With the centennial of the war approaching, a flood of outstanding Civil War history books hit shelves, and the half-century since then has been rich in scholarship. Robust controversies rage and always will, but the distortion and occluded memory that shaped the Lost Cause story is found now only on the academic fringe. What energy exists in the modern version comes from a clique of libertarians who view the Union cause as a fearsome example of authoritarian central government crushing individual dissent. Slave owners make odd libertarian heroes, but by keeping the focus narrowly on Big Government, this school uses the secession cause to dramatize issues of today. Outside academia, denial remains an irresistible temptation for some politicians. Virginia Governor Bob McDonnell last year issued a 400-word Confederate History Month proclamation without a single mention of slavery. “There were any number of aspects to that conflict between the states,” McDonnell later explained. “Obviously it involved slavery, it involved other issues, but I focused on the ones that I thought were most significant for Virginia.” (Barraged by criticism, he corrected the omission.)

And in popular culture, as University of Virginia historian Gary Gallagher writes, “The Lost Cause’s Confederacy of gallant leaders and storied victories in defense of home ground retains enormous vitality.” It shows up in movies like Gods and Generals, in commemorative paintings, decorative plates and battlefield re-enactments. By contrast, Gallagher searches in vain for a scene in any recent film that “captures the abiding devotion to Union that animated soldiers and civilians in the North.”

Why does this matter? Because the Civil War gave us, to an unmatched degree, the nation we became – including all the good stuff.
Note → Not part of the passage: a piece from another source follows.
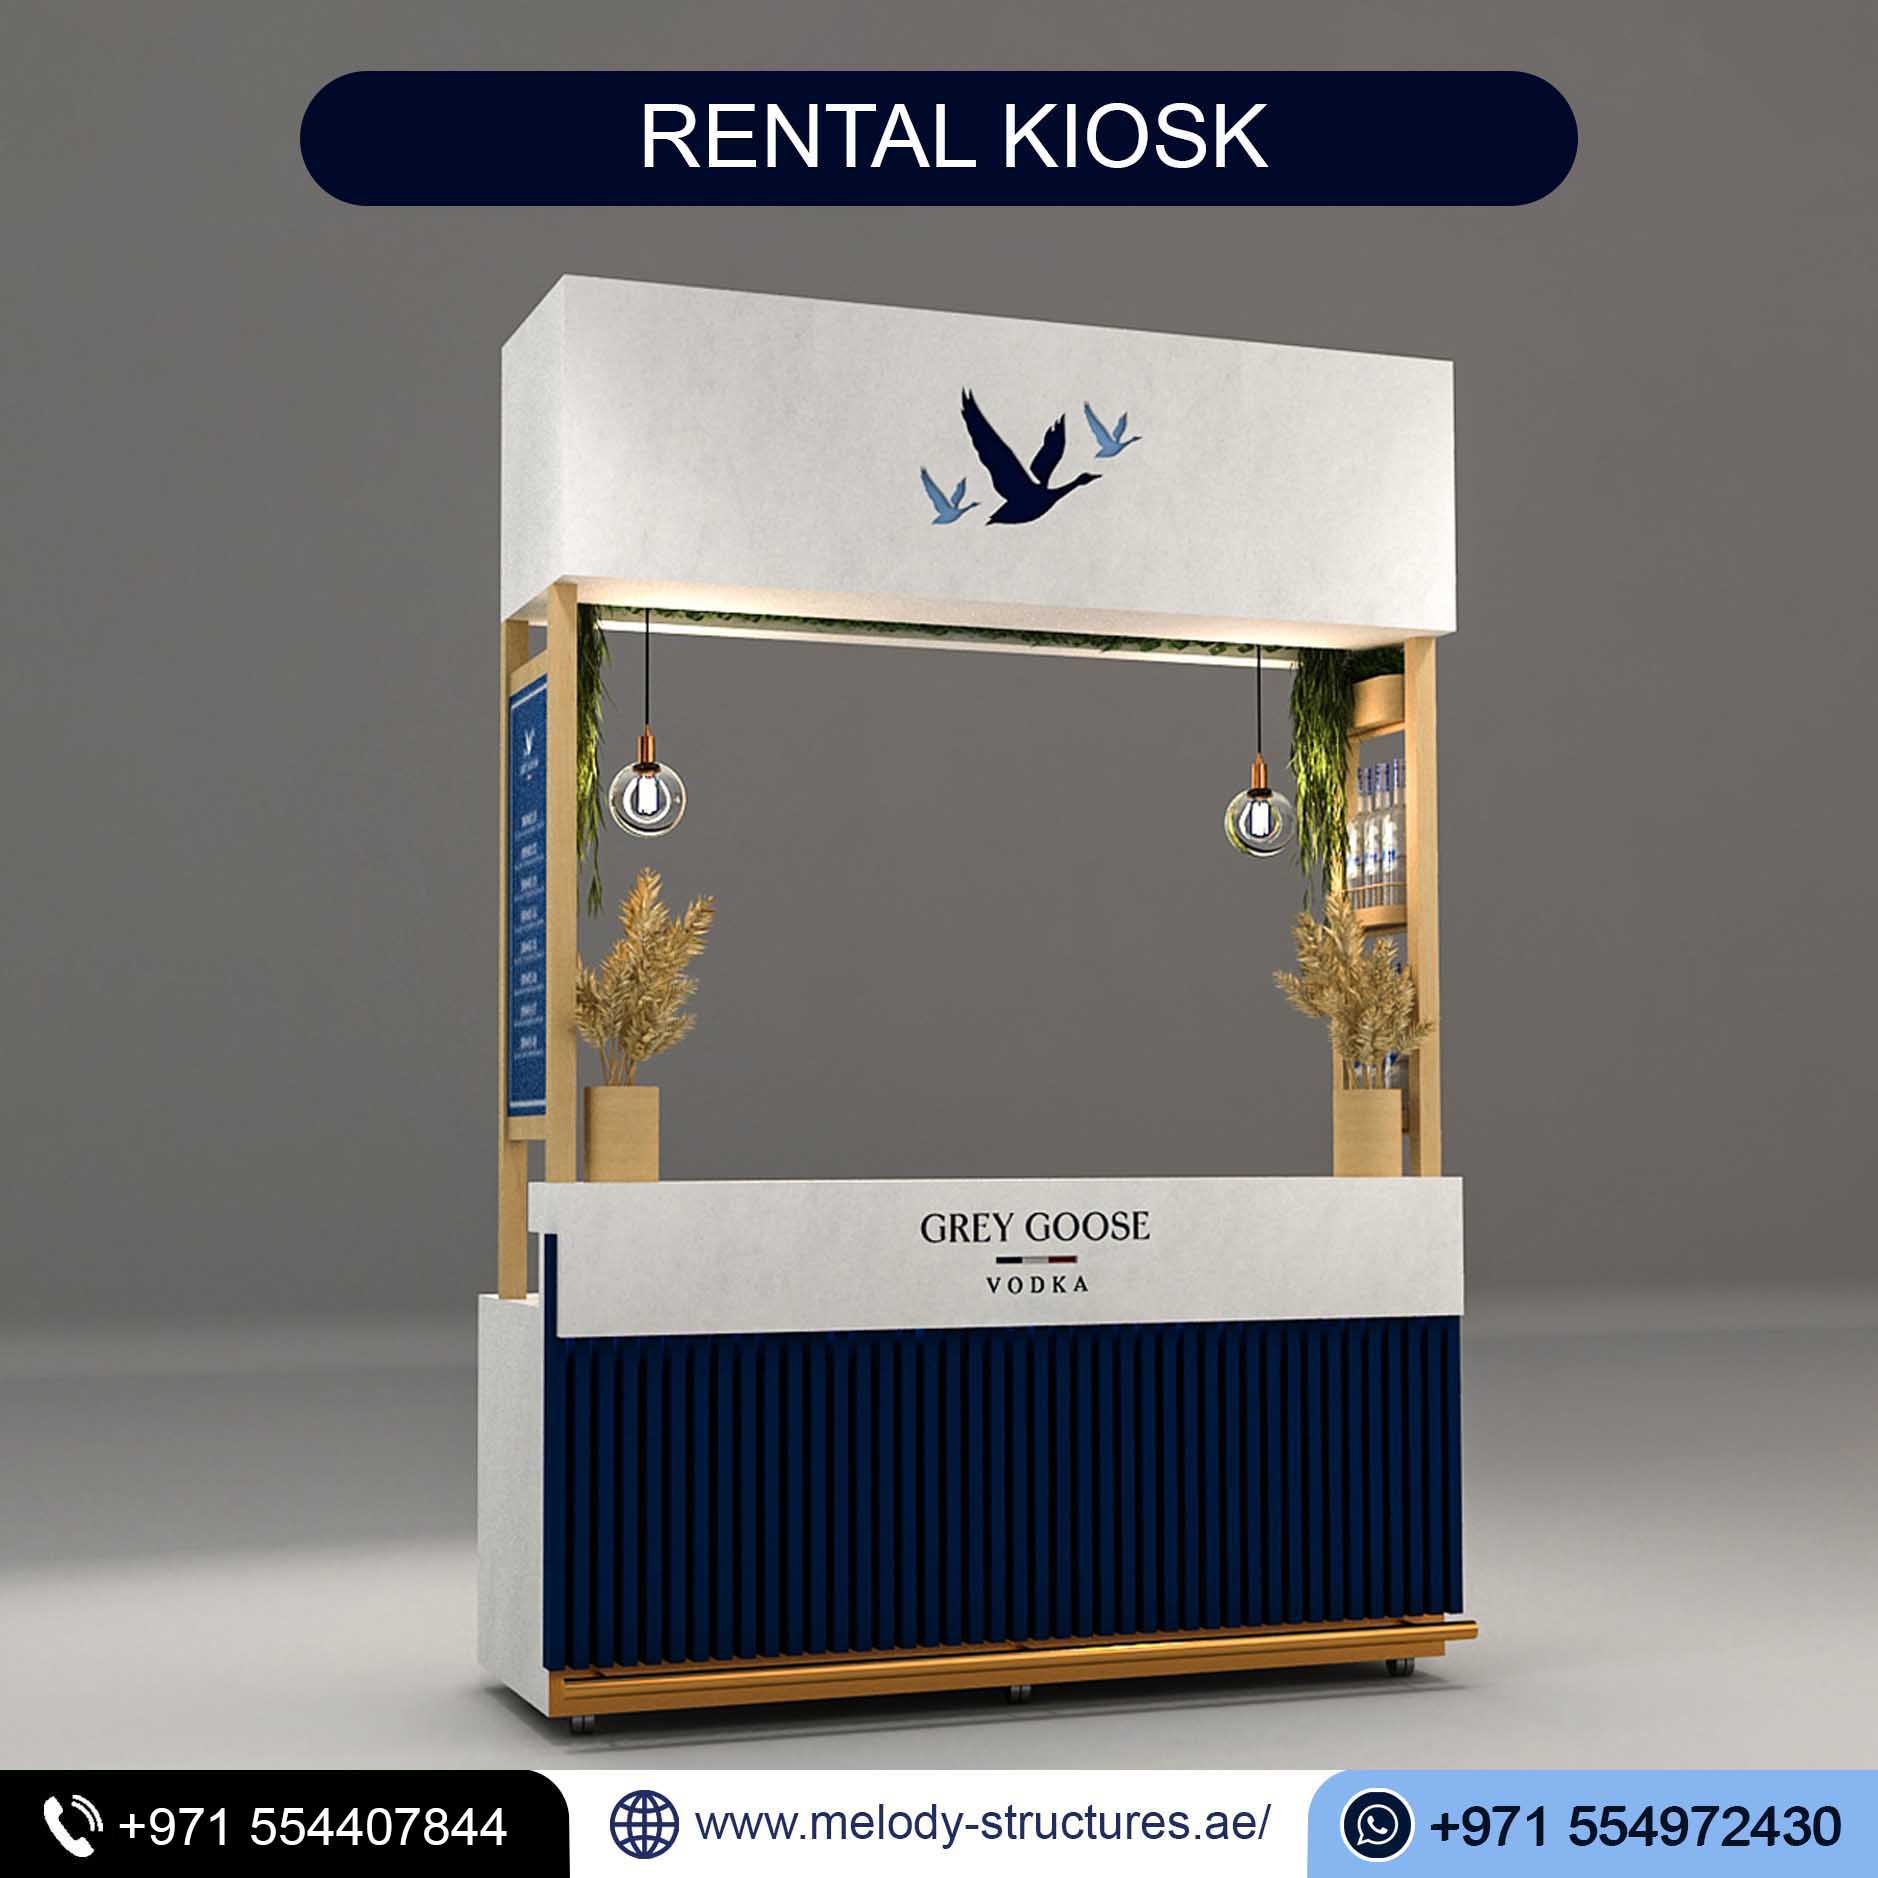 Rental Kiosk Company in UAE, Rental Kiosk For Events (4).jpg

Had secession succeeded, it’s unlikely that there could have been a stable, tranquil coexistence between an independent North and South. Slaves would have continued running away. The riches of the West would have been just as enticing. There never would have been the sort of roisterous hodgepodge of wide-open energy that America became. One of the blessings of being able to set up shop on a new continent was that Americans never had to be defined by clan or tribe or region. We’re the people who order a Coke from Atlanta and some New England clam chowder at a diner in Las Vegas. The place where a boy from Mississippi goes to California to make a movie called Blue Hawaii. Secession was about making more borders. At its best, Americanism is about tearing them down.

To be blind to the reason the war happened is to build a sort of border of the mind, walling off an important truth. Slavery was not incidental to America’s origins; it was central. There were slaves at Jamestown. In the 1600s, writes Yale’s David Brion Davis, a towering figure among historians, slave labor was far more central to the making of New York than to the making of Virginia. As late as 1830, there were 2,254 slaves in New Jersey. Connecticut did not abolish slavery until 1848, a scant eight years before the fighting broke out in Kansas. Rhode Island dominated the American slave trade until it was outlawed in 1808. The cotton trade made Wall Street a global financial force. Slaves built the White House.

Furthermore, if slavery had spread to the West, the country would have found itself increasingly isolated in the world. Russia emancipated its serfs in 1861. The once sprawling slave system that had stretched from Canada to South America was by 1808 still vital only in Brazil, Cuba and the U.S. The first nation founded on the principle of liberty came dangerously close to being among the last slave economies on earth.

Two fallacies prop up the wall of forgetfulness. The first is that slavery somehow wasn’t really that important – that it was a historical relic, unprofitable, dying out, or that all societies did it, or that the slaves were happy. But slavery was important, and not just to the 4 million men, women and children enslaved – a number equal to the population of Los Angeles today. And the fact that it ended is important too.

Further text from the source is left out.